= List of Czech dictionaries =

This annotated list includes
1. major present-day Czech-English dictionaries,
2. Czech dictionaries, both contemporary and historical.

==Czech-English dictionaries==
Notable present-day Czech-English dictionaries are:

- Fronek, Josef. Velký česko-anglický slovník = Large Czech-English dictionary. 2nd, enlarged ed., Voznice: Leda, 2013. xlvi, 1743 pp. ISBN 978-80-7335-322-3. A comprehensive dictionary, intended also for English speakers.
- Poldauf, Ivan.

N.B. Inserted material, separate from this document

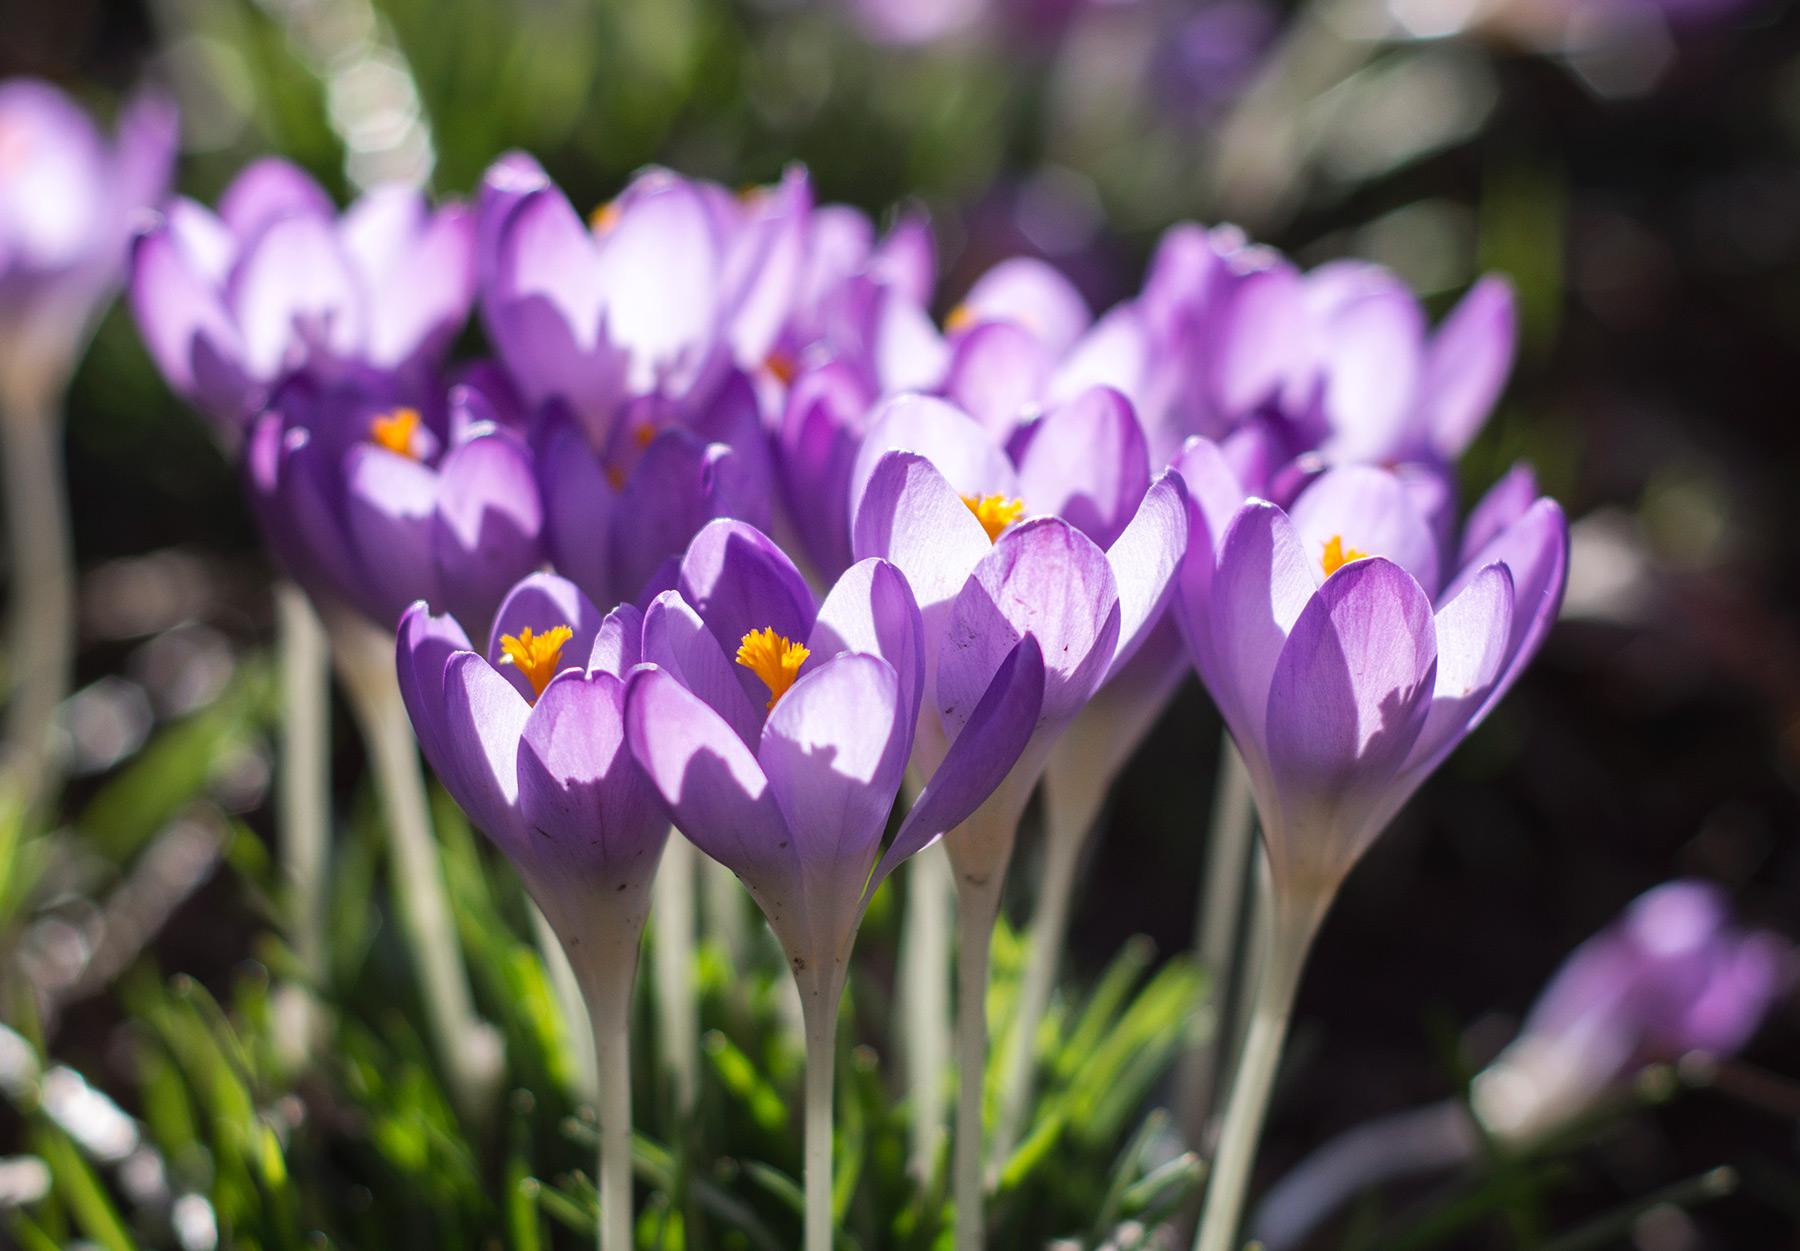 Sunlight on petals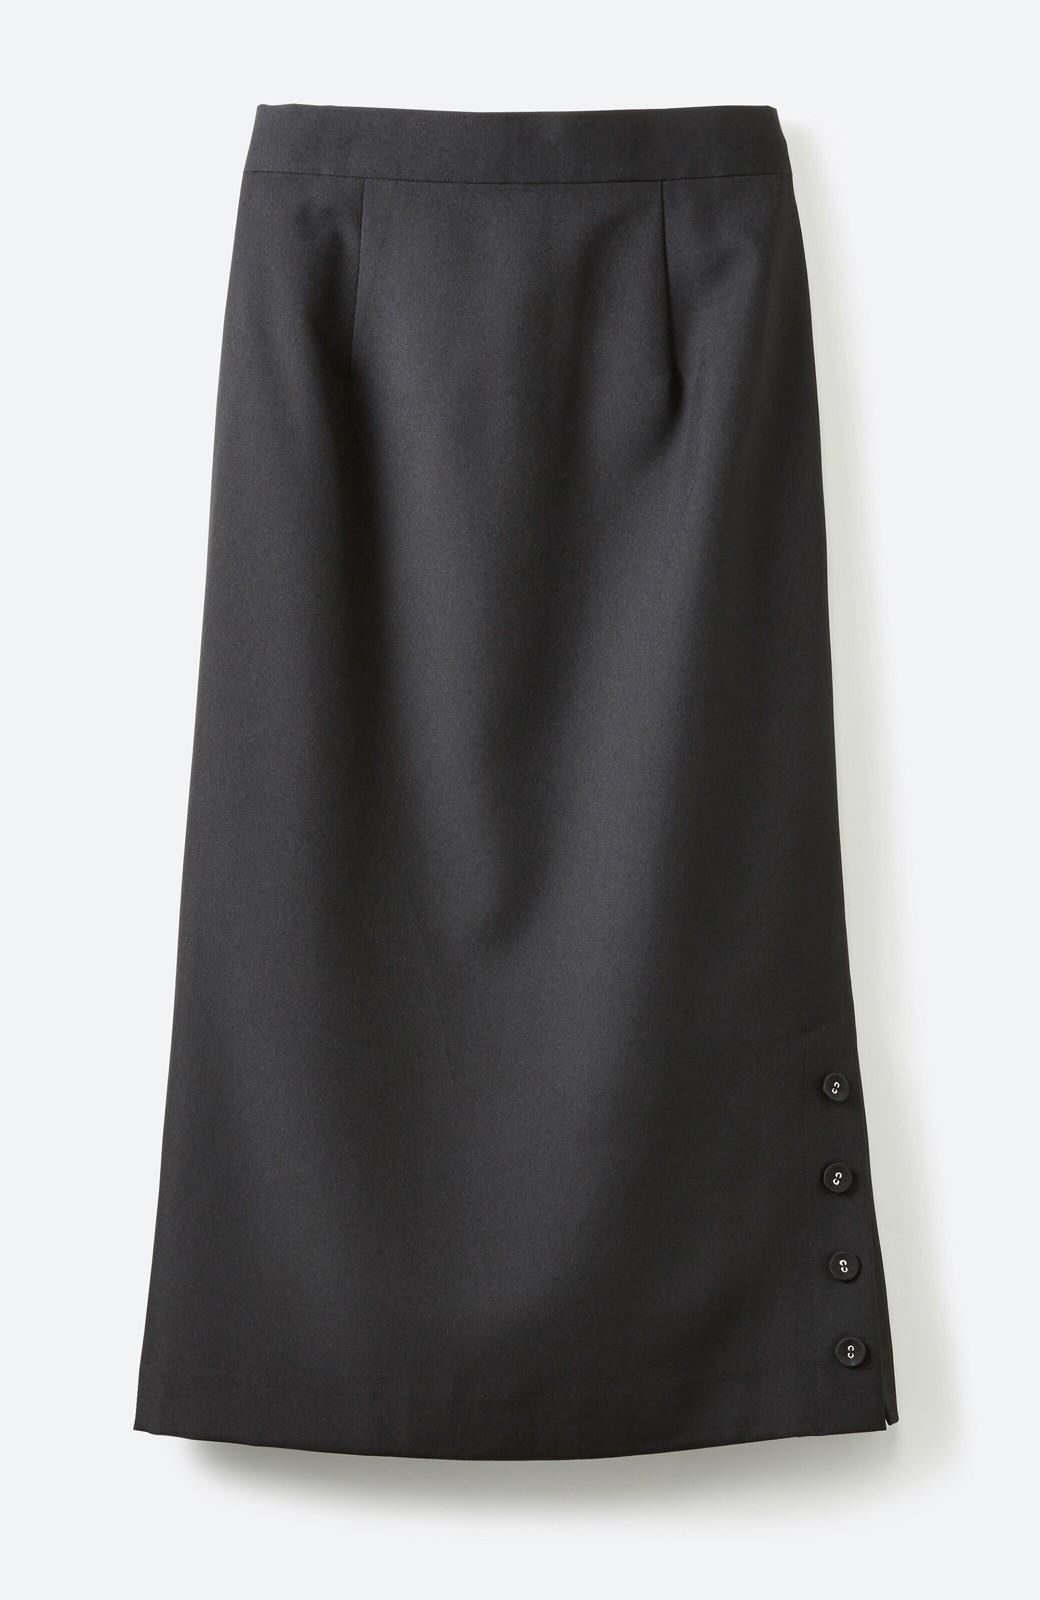 haco! 持っていると便利な野暮ったくならないフォーマルジャケット・パンツ・スカートの3点セット <ブラック>の商品写真3

Velký česko-anglický slovník = Comprehensive Czech-English dictionary. 3rd ed. Čelákovice: W.D. Publications, 1996. 1187 pp. ISBN 80-902180-3-2. A handy-sized dictionary, albeit somewhat out of date.

==Czech dictionaries==
There are three dictionaries of current Czech that are of use for native speakers:

- Kroupová, Libuše et al. Slovník spisovné češtiny pro školu a veřejnost: s Dodatkem Ministerstva školství, mládeže a tělovýchovy České republiky. (SSČ) 4th ed. Praha: Academia, 2005. 647 pp. ISBN 80-200-1347-4. Basic Czech dictionary, contains 45,366 headwords, intended primarily for use in schools and for laymen. Online as part of the Internet Language Reference Book.
- Havránek, Bohuslav, et al. Slovník spisovného jazyka českého. (SSJČ) 2nd ed. Praha: Academia, 1989. 8 vols. A dictionary of first choice when reading the classics, the SSJČ contains a total of 192,908 entries and sub-entries. Online.
- Příruční slovník jazyka českého. (PSJČ) V Praze: Státní nakladatelství, 1935–1957. 9 vols. The PSJČ is largely outdated, though it may be of use thanks to the wealth of information (ca 250,000 entries) and meticulous definitions. Online.